New research from Graydon UK, a leading credit referencing agency, questioned 238 small businesses on their experiences of Government payment practices. Their studies revealed that only 34 per cent of those questioned found Government agencies to be “prompt payers”, with two thirds (66 per cent) instead describing current payment practices as “slow” or “average” (over 30 days). Of those businesses that have experienced slow payment from Government agencies, 38 per cent named the NHS as the worst culprit.
With the Government therefore facing an uphill struggle to fulfil its recent pledge, Martin Williams, Managing Director of Graydon UK, says: “While Gordon Brown’s promise reflects his appreciation of the importance of cash flow to the survival of small businesses in these challenging times, practicalities may inhibit his ability to deliver.”
Martin Williams continues: “The government has made it clear that the 10 day payment pledge relates to small business invoices.
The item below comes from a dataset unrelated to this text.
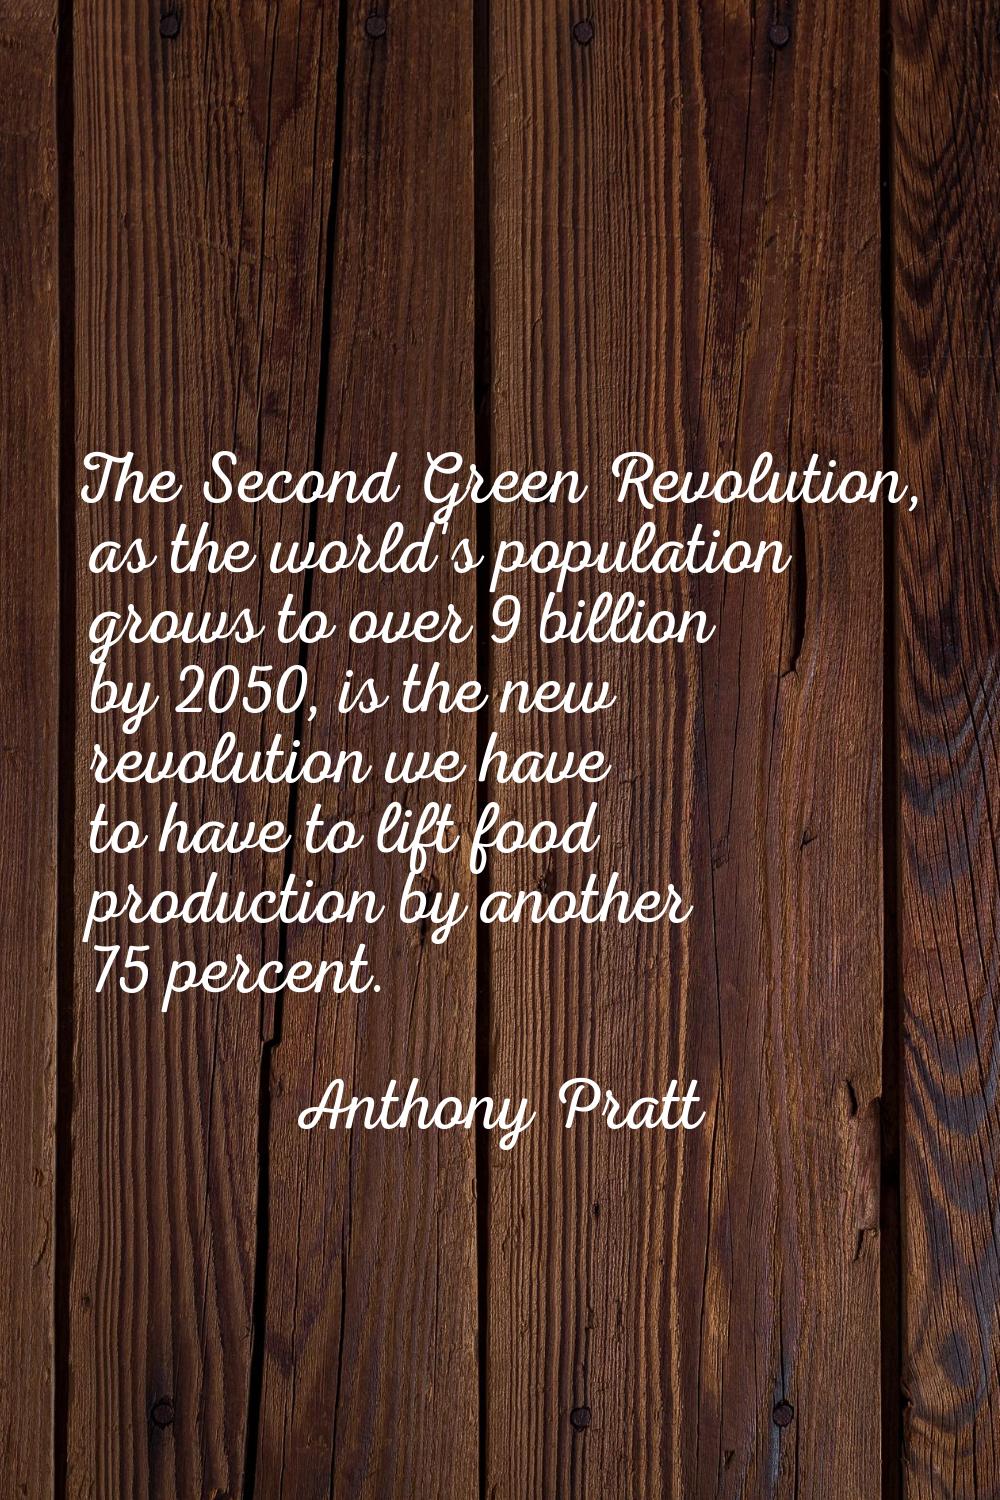 The Second Green Revolution, as the world's population grows to over 9 billion by 2050, is the new

This begs the question of how purchase ledger staff will recognise big company invoices from small company invoices. Invoice value can’t be the determining factor, as even big companies can invoice in small amounts for services provided. This separating out of invoices will add an additional administrative burden on finance department staff.”
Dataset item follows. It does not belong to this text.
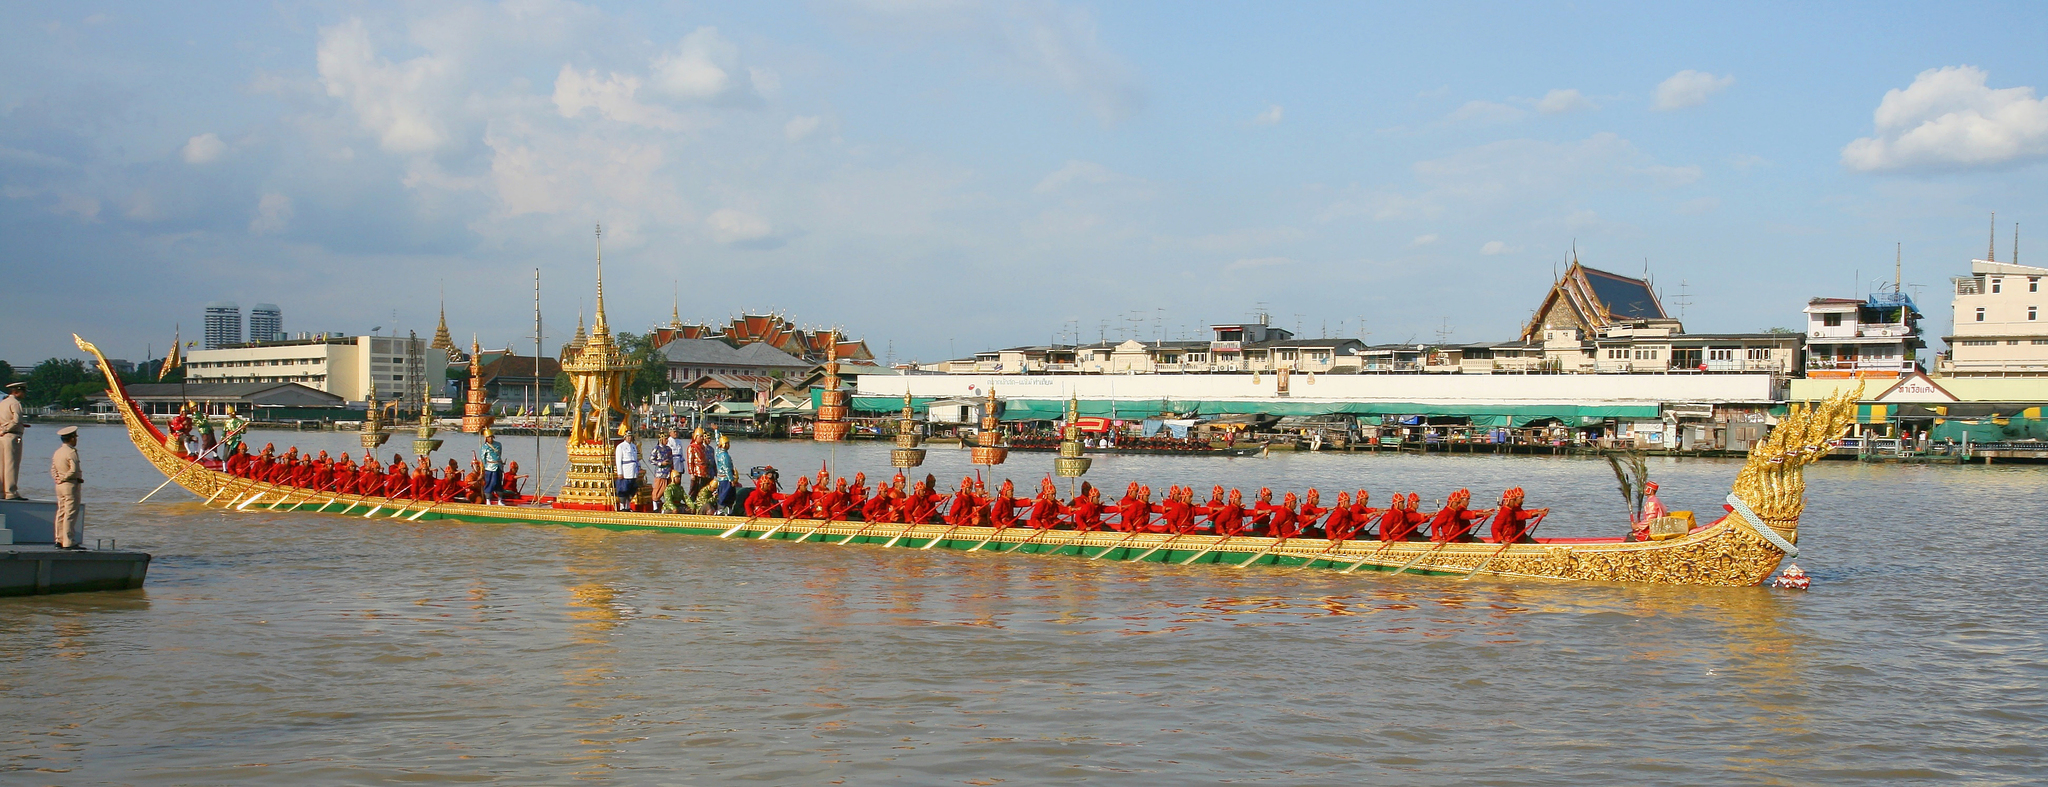 River ceremonial transport of the kings of Thailand - Thailand, Traditions, Barge, Video, Longpost

“As the Government has already discovered during the last few weeks of this credit crisis, taking action and expecting immediate results is misplaced. When Gordon Brown announced the government’s multi billion pound liquidity package for the banks earlier this month, he hoped to see banks commence lending to consumers and small businesses once again. Weeks later, clients are still complaining about the difficulties in obtaining finance.”
Martin Williams adds: “With the recession clearly biting, Government departments will also be suffering from a slowdown in payments from their own clients, business and consumer, which may put individual government departments under cash flow pressure themselves. If the money isn’t there day to day, paying bills in 10 days instead of thirty becomes a tough proposition.”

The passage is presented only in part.